In most cases, the ballot initiative is not (state) constitutionally granted. It is validated by an act of the legislature, meaning the legislature legislated itself out of the process, if only for a single issue. If it can do that, it can legislate itself into a monarchy (or whatever) and disband itself. This is the situation that Art4Sec4 is meant to prohibit. Therefor, any law that came about via ballot initiative is in violation of the US Constitution.
” The ultimate authority– sovereignty, if you like– doesn’t rest with the voters. It rests with their representatives.”
Not sure that would pass in a con law course, or among the founders. Every act of the legislature is at the will/permission of “the people”. Elected officials cannot exist if not elected by the people. If “the people” can elect and un-elect representatives, the legislature is not sovereign, nor the source of authority. The legislature is an “agent” of the majority of voters, having no power beyond that granted by the vote of the people.
“Therefor, any law that came about via ballot initiative is in violation of the US Constitution.”
Where ballot initiatives are permitted, the representatives are representing the will of the people (the actual sovereigns/authority) in establishing the initiative measure. The constitutional dictate that all state governments must be republican prevents the ballot initiative from eliminating legislatures. Such an attempt would be directly unconstitutional.
On a practical note, not aware of any federal case attempting to invalidate ballot initiatives (there may be one, or some, I just am unaware).
One of the primary purposes of a constitution is to establish a process for creating and enacting legislation. This process can not be altered unless the constitution is altered to allow it. The process has to be the same for every law or the government loses its legitimacy when laws come from arbitrary sources. This is not a trivial matter. Executive Orders and courts “legislating from the bench” are good examples of subverting the process and handing over sovereignty to arbitrary agents.
Ballot initiatives alter the legislative process. They allow the legislature to kick the can down the road and forfeit the decision-making and the accountability of voting to pass legislation. But mostly they remove the very step of separation that defines a Republican form of government and turns it in to something that is NOT a Republican form of government. So any law passed by ballot initiative has not gone through the process that a Republican form of government mandates– it has not been voted on by the legislature– and it is therefor in violation of the US Constitution.

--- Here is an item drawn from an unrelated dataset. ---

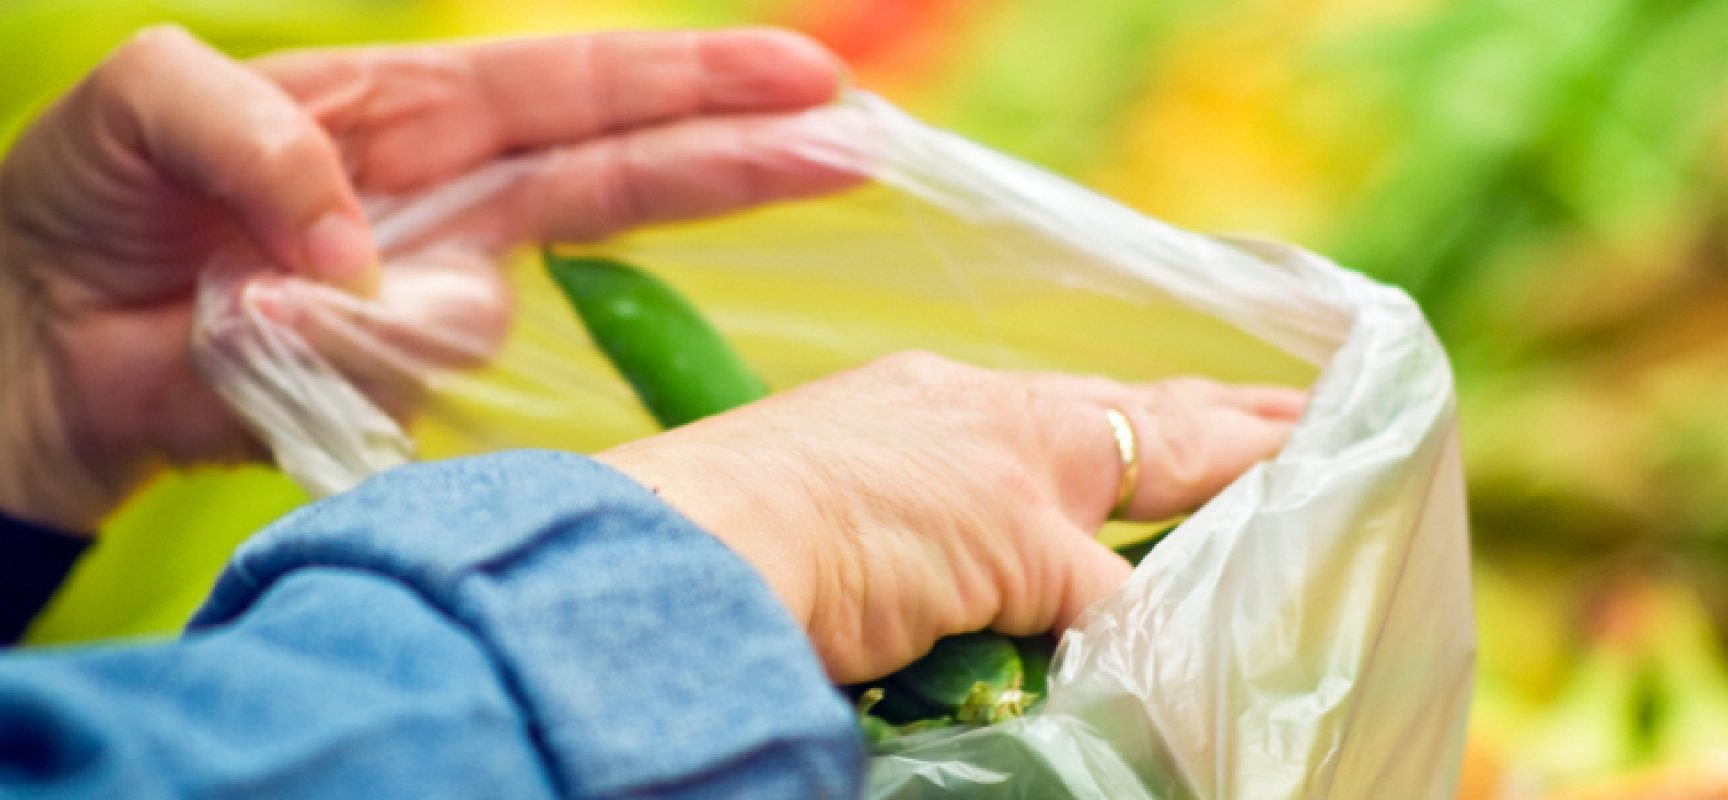 Obbligo sacchetti biodegradabili, Carriera: “Giusta la norma, sbagliate le tempistiche”
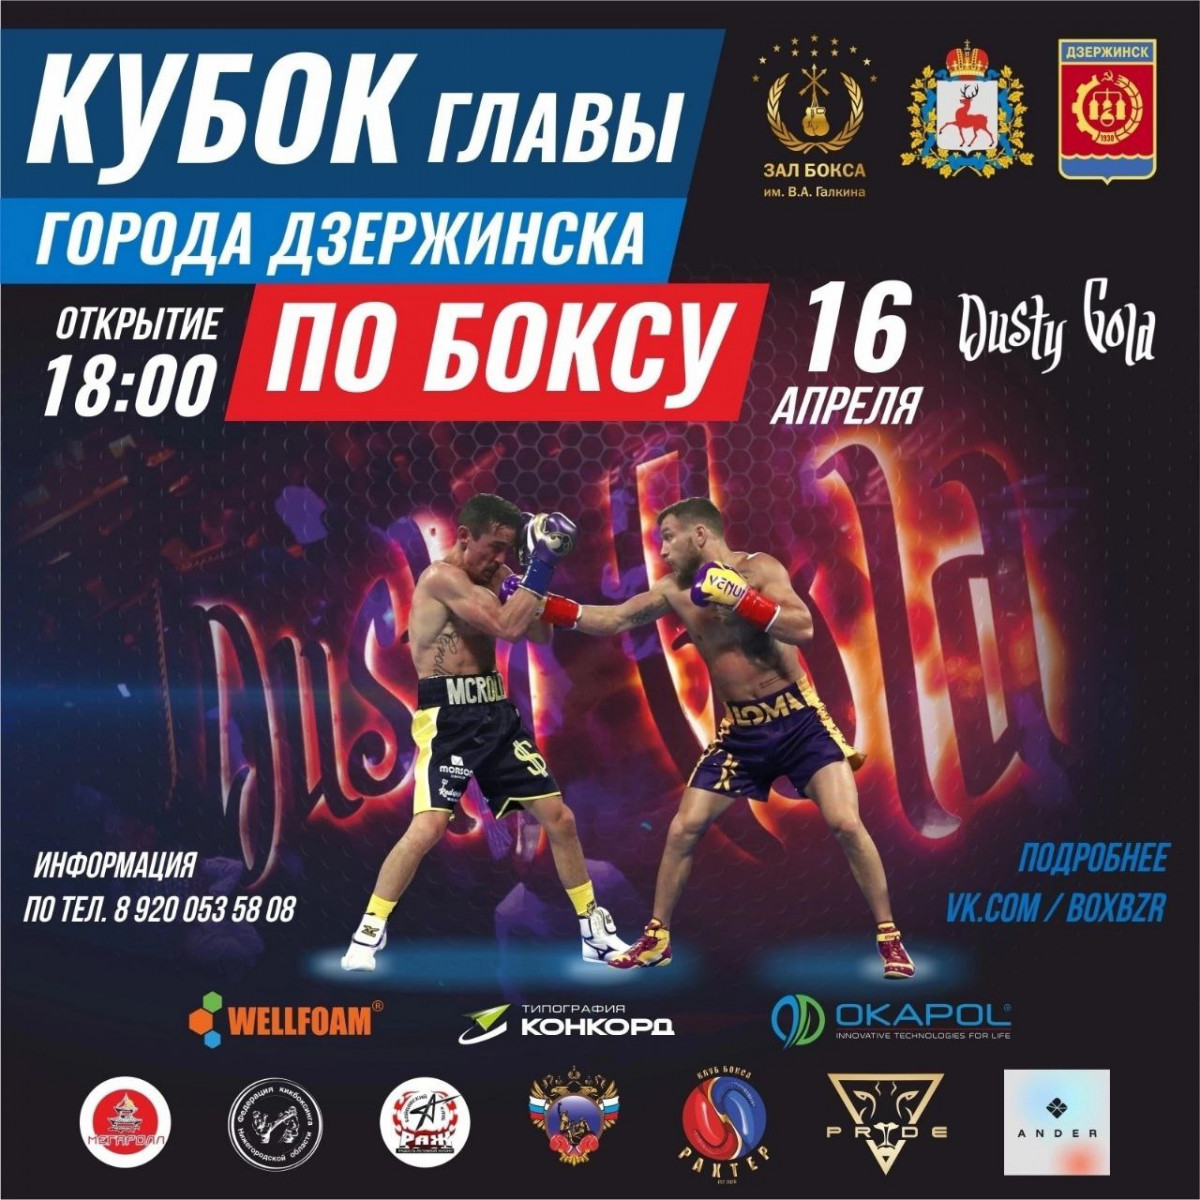 Боксерский турнир на Кубок главы Дзержинска состоится в апреле

And that, I believe, would pass muster in a con law course, and there is a plethora of evidence that the Founders were determined to hold the mob at bay.
“Ballot initiatives alter the legislative process. They allow the legislature to kick the can down the road and forfeit the decision-making and the accountability of voting to pass legislation. ”
The republican form remains, does it not? People still elect representatives, a legislature still exists. The constitution does not prohibit ancillary political action within a republican form. The constitution dictates a form, not the inner workings of legislatures in States (which jealously guarded their internal governments, state and local).
We all find it attractive to impute our own ideas of deduction from the written word, but truth is, if the founders had intended that no state be allowed to expand upon their republican form of government, they were clear-headed enough to foresee the need, and not dependent on later generations to fill the gaps in their thinking.
“Unconstitutional” is a legal term of art. Since we know of zero legal actions to remove the very existence of ballot initiatives, those features remain “constitutional” until differently decided by the federal courts, ultimately the SC.
” The republican form remains, does it not? ”
No, it does not. By definition, Republican demands that legislation be passed by the elected agents, not by the public via referendum.
Instead of throwing initiatives on the ballot case-by-case, suppose the legislature decided to put every piece of proposed legislation up for referendum. If they can do it for one, they can do it for all. The legislature could then adjourn on the first day of session and all go home and do fund-raising. Would you say then that the Republican form remains?
” Since we know of zero legal actions to remove the very existence of ballot initiatives, those features remain “constitutional” until differently decided by the federal courts, ultimately the SC. ”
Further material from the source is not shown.